Marcolin Group Approves Internal Dealing
The Board of Directors of Marcolin S.p.A., in a meeting held today and presided by Giovanni Marcolin Coffen, has approved the new measures regarding the transparency obligations as regards internal dealing, in compliance with the regulating instructions dictated by the Italian Exchange and quoted in the Code of Self-discipline.
As from 1st January 2003, these regulating instructions impose a transparency obligation on the quoted shareholding company with regard to the market about important operations involving financial instruments of the same company or of its subsidiaries, carried out by personnel (the so called 'Relevant Personnel') who, by virtue of the office they hold and the activities they carry out, have access to price sensitive information. With respect to the discipline of reference dictated by the Italian Stock Exchange, the code of behavior of the Marcolin Group is characterised by the following qualifying elements:
• the application of transparency obligations with regard to internal dealing to a certain group of people in the Group sphere known as 'Relevant Personnel' (as well as to the Directors, the Statutory Auditors and the General Manager of the Parent Company). In order to guarantee a suitable flexibility in the identification procedure of 'Relevant Personnel' the possibility of extending the indicated transparency obligations to other subjects, identified by each relevant person, is also provided;
• reduction of the relevance threshold, with reference to Significant Operations to be communicated to the market without delay following the relative implementation (from 250.000 to 150.000 Euro);
• the application of transparency obligations to operations regarding the exercise of any stock options or right of option made by 'Relevant Personnel'.
• banning 'Relevant Personnel' from carrying out operations during the 15 days preceding the approval of the draft budget and the six-monthly report of the Board of Directors of the Parent Company. The same Board must also identify other blocking periods during the year in concomitance with particular events;
• providing a suitable sanctioning system regarding 'Relevant Personnel' who infringe the instructions of the code of behavior.
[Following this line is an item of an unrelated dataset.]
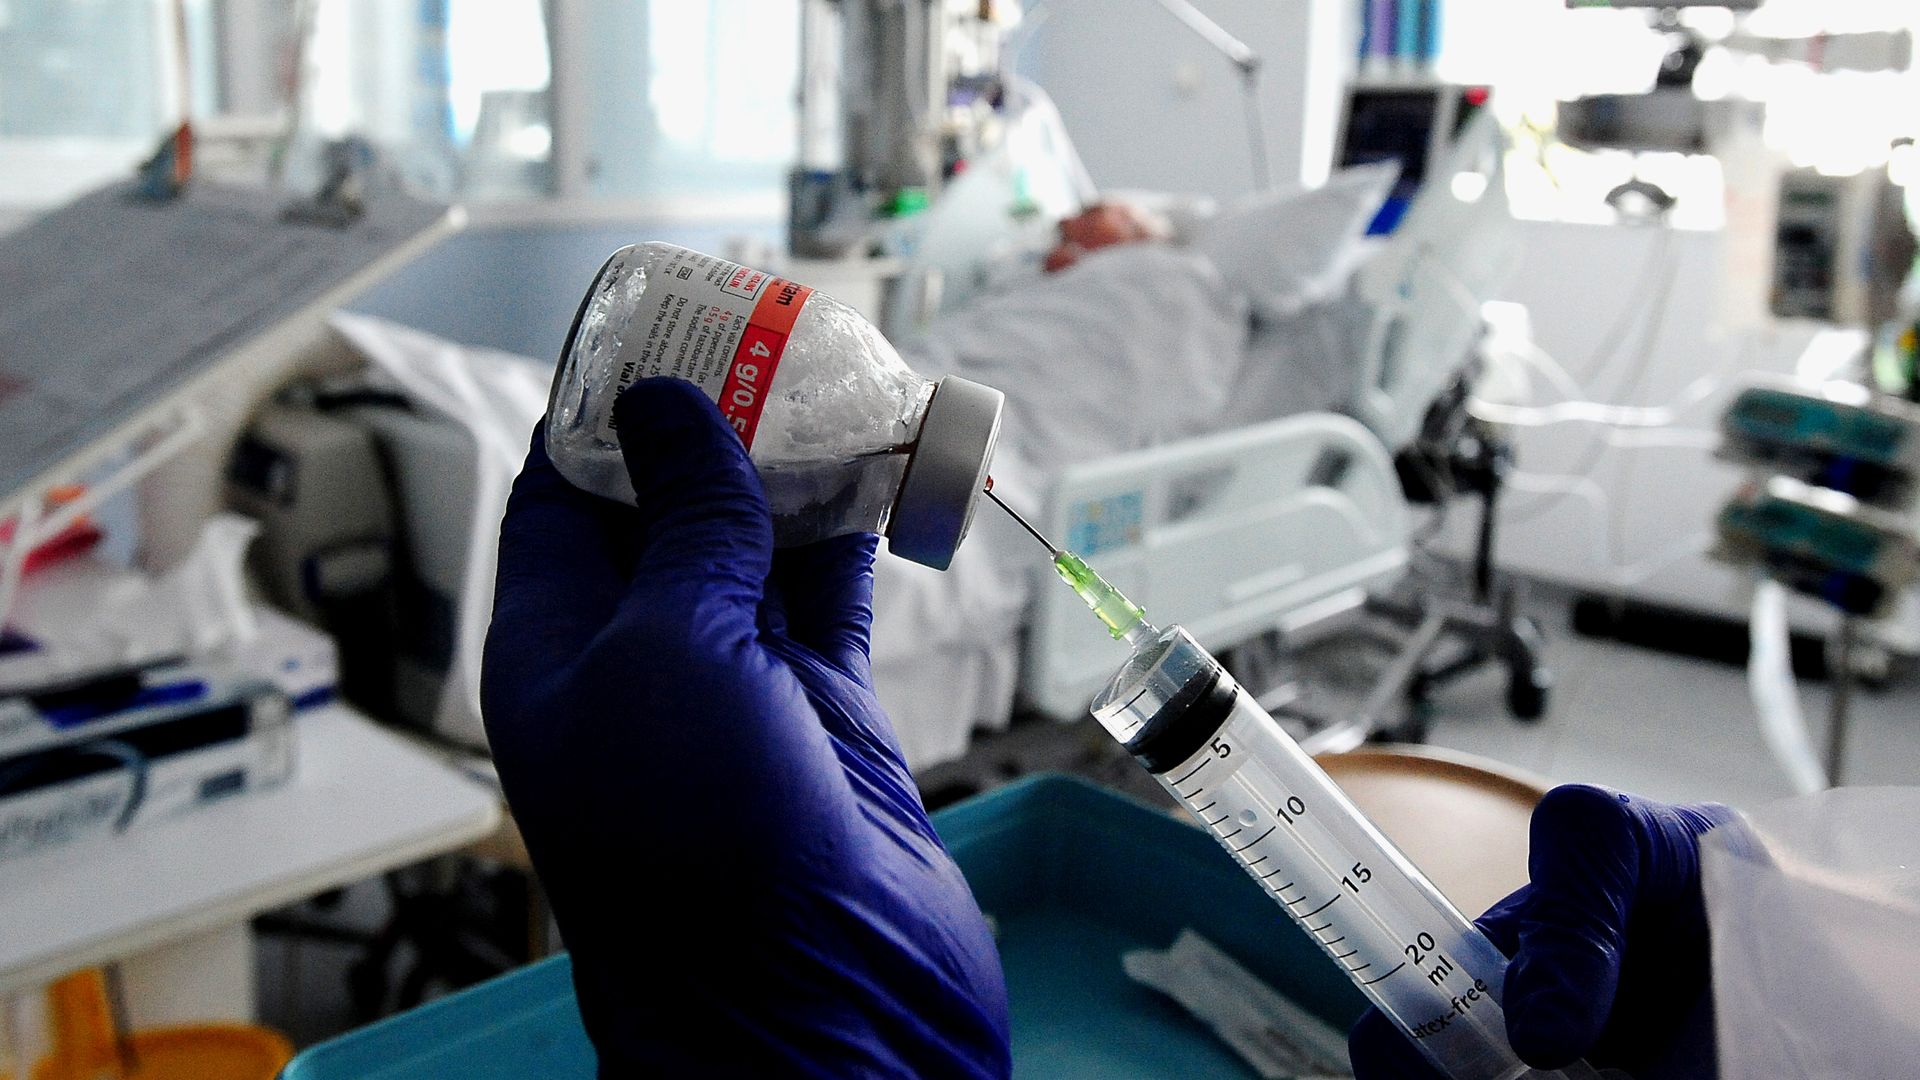 A generic drug being administered in a hospital.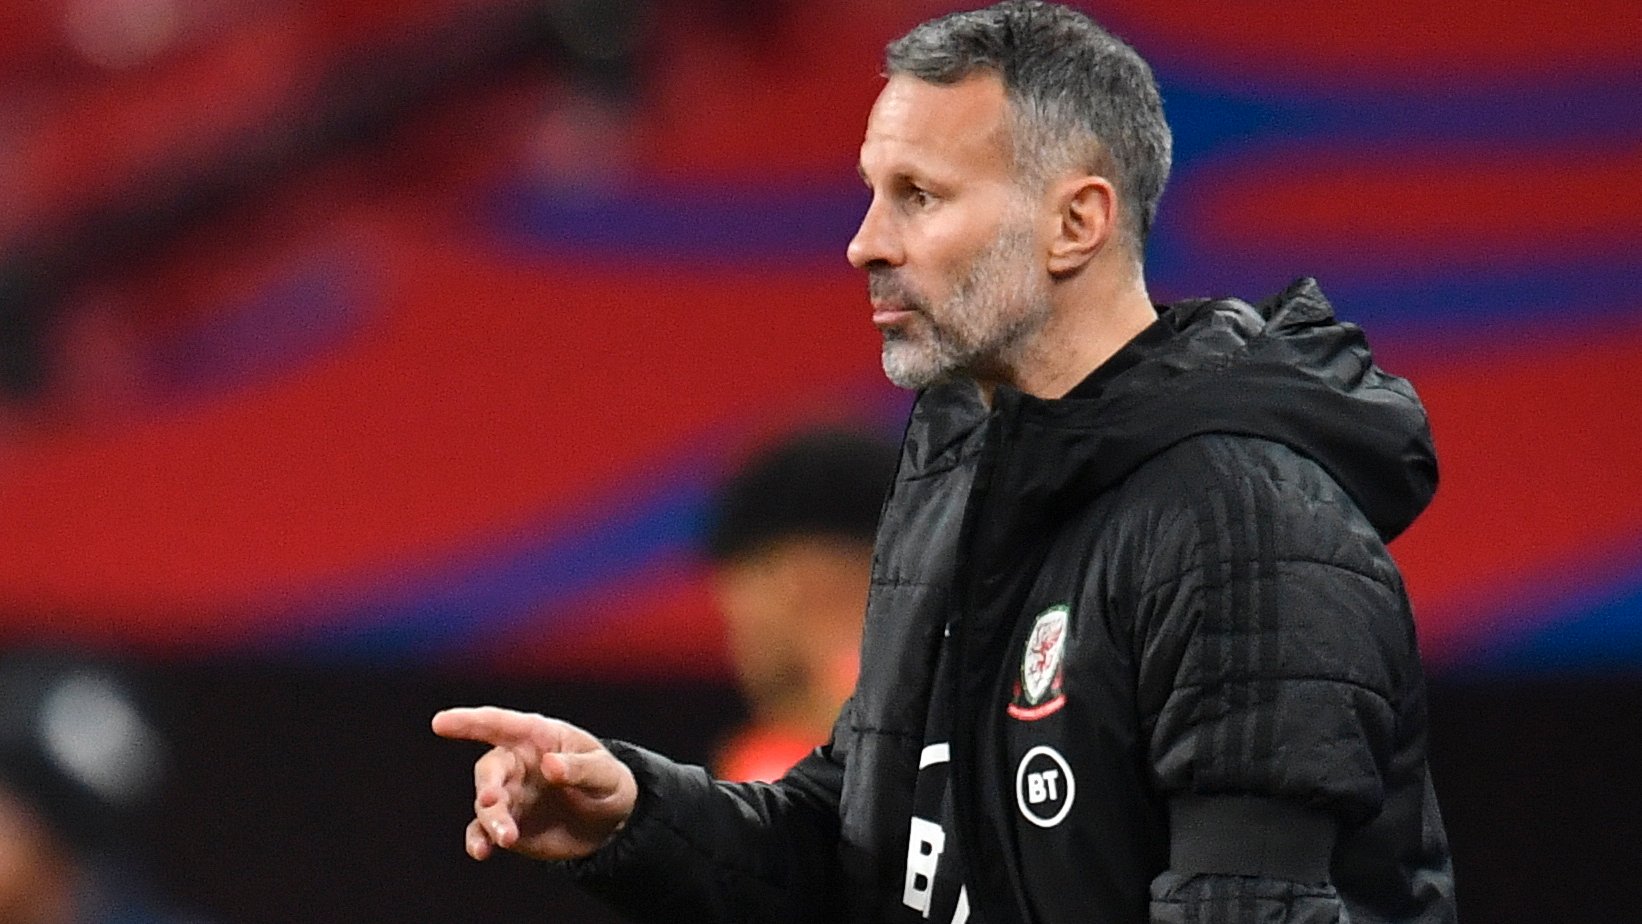 epa08795380 (FILE) - Wales&#039; head coach Ryan Giggs reacts during the international friendly soccer match between England and Wales in London, Britain, 08 October 2020 (re-issued on 03 November 2020). On 03 November 2020 the Football Association of Wales announced to have mutually agreed with Ryan Giggs &#039;that he will not be involved in the upcoming international matches against USA, Republic of Ireland and Finland&#039;. Assistant coach Robert Page &#039;will take charge of the team&#039;. Giggs, according to media reports, was arrested and later released on bail over an alleged incident involving his girlfriend.  EPA/Glyn Kirk / POOL *** Local Caption *** 56405473

During the same meeting the Board of Directors approved the weekly calendar of company events for 2003 in order to facilitate the operators' activity in the financial market.:
• week starting 17th March 2003, meeting of the Board of Directors for approval of the draft budget for the year 2002;
• week starting 21th April 2003, Shareholders' meeting for approval of draft budget for the year 2002;
• week starting 12th May 2003, meeting of the Board of Directors for the approval of the report relative to the first trimester for the year 2003;
• week starting 8th September 2003, meeting of the Board of Directors for the approval of the six-monthly report for the year 2003;
• week starting 10th November 2003, meeting of the Board of Directors for the approval of the report relative to the third trimester for the year 2003.
The Company will keep the market informed on the data regarding the above-mentioned meetings as soon as it is available and of any variations in its calendar for the year 2003.